The authors harness single-cell RNAseq data from zebrafish and mice to identify Oct4 as a candidate driver of neurogenesis. They then use adeno-associated virus vectors to show that while Oct4 overexpression alone converts rare adult Müller glia (MG) to bipolar cells, it synergizes with Notch pathway inhibition to cause this neurogenesis (achieved by Cre-mediated knockout of Rbpj floxed allele). Importantly, they genetically lineage-mark adult MG using a GLAST-CreER transgene and a Sun-GFP reporter, so that any non-MG cells that convert can be identified unambiguously. This is crucial because several high-profile papers made erroneous claims using short promoters in the viral delivery vector itself to mark MG, but those promoters are leaky and mark other non-MG cell types, making it impossible to definitively state whether manipulations studied were actually causing neurogenesis, or were merely the result of expression in pre-existing neurons. Once the authors establish Oct4 + RbpjKO synergy they use snRNAseq/ATACseq to identify known and novel transcription factors that could play a role in driving neurogenesis.

Strengths:

The system to mark MG is stringent, so the authors are studying transdifferentiation, not artifactual effects due to leaky viral promoters. The synergy between Oct4 and Notch pathway blockade is notable. The single-cell results add the potential involvement of new players such as Rfx4 in adult-MG-neurogenesis.

Weaknesses:

The existing version is difficult to read due to an unusually high number of text errors (e.g. references to the wrong figure panels etc.). A fuller explanation for the fraction of non-MG cells seen in control scRNAseq assays is required, particularly because the neurogenic trajectory which is enhanced in the Oct4/Rbpj-KO context is also evident in the control retina. Claims regarding the involvement of transcription factors in adult neurogenesis (such as Rfx4) need to be toned down unless they are backed up with functional data. It is possible that such factors are important, but equally, they may have no role or a redundant role, and without functional tests, it's impossible to say one way or the other.

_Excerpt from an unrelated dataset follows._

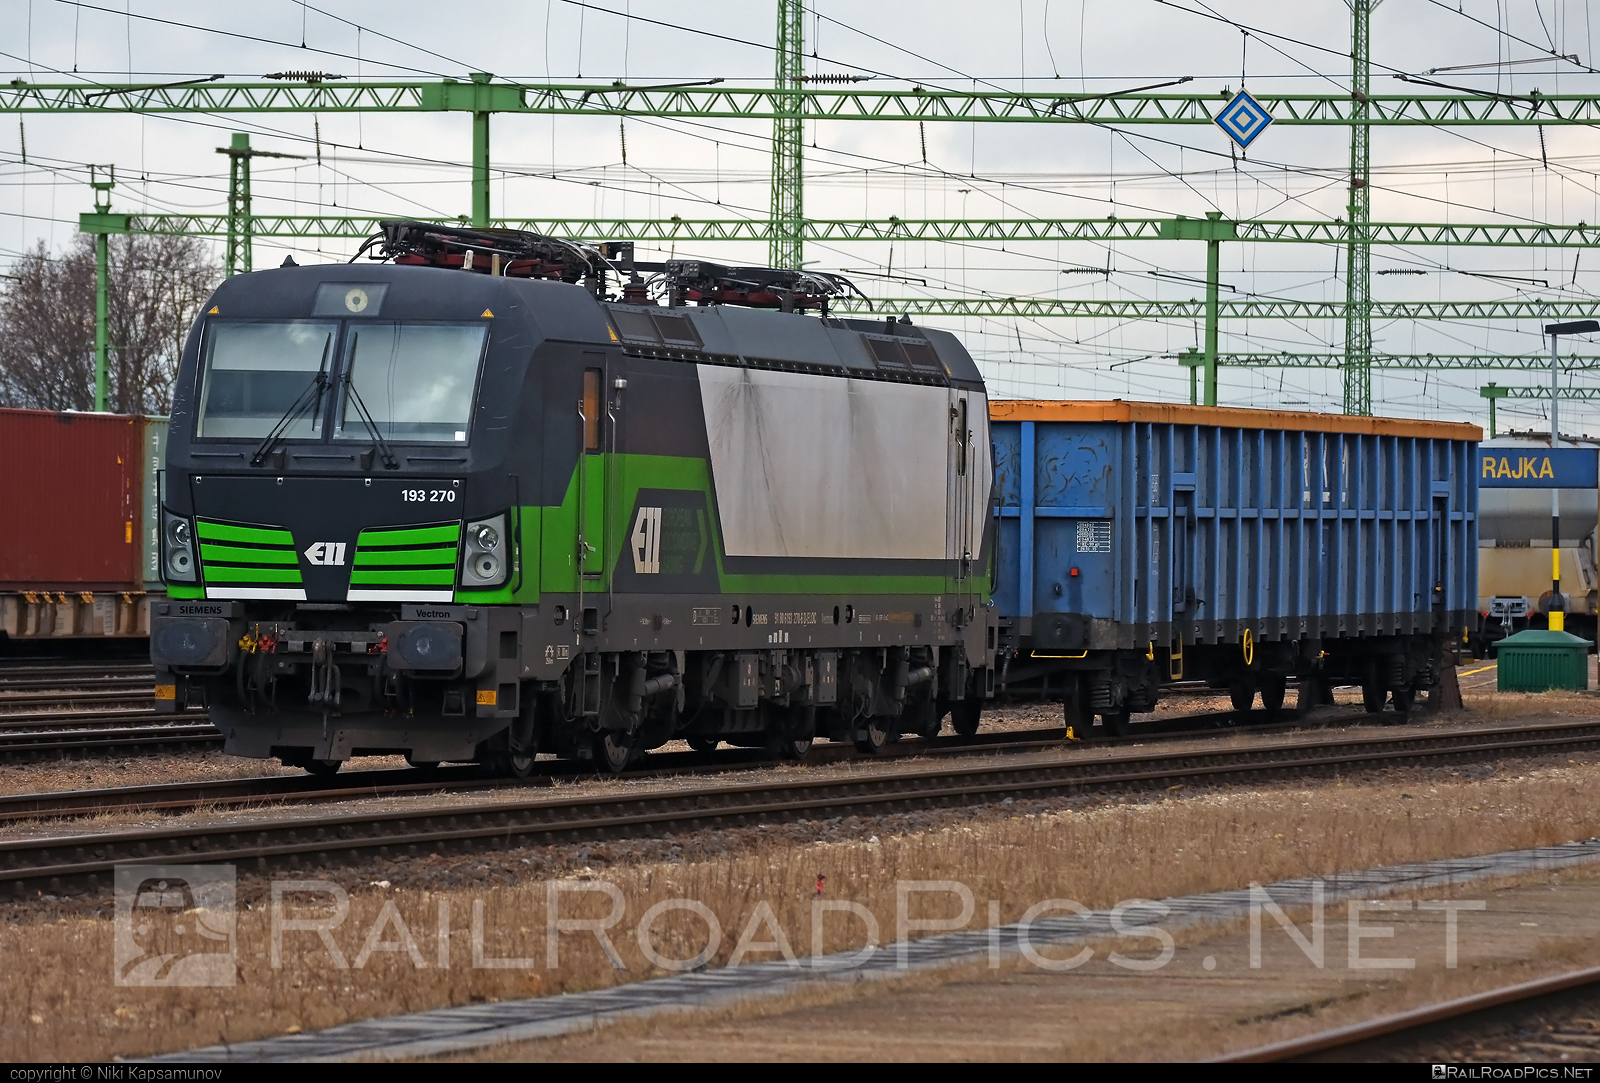 Siemens Vectron MS - 193 270 operated by LTE Logistik und Transport GmbH #ell #ellgermany #eloc #europeanlocomotiveleasing #lte #ltelogistikundtransport #ltelogistikundtransportgmbh #openwagon #siemens #siemensVectron #siemensVectronMS #vectron #vectronMS

Overall, the authors achieved what they set out to do, and have made new insights into how neurogenesis can be stimulated in MG. Ultimately, a major long-term goal in the field is to replace lost photoreceptors as this is most relevant to many human visual disorders, and while this paper (like all others before it) does not generate rods or cones, it opens new strategies to coax MG to form a related neuronal cell type. Their approach underscores the benefits of using a gold-standard approach for lineage tracing.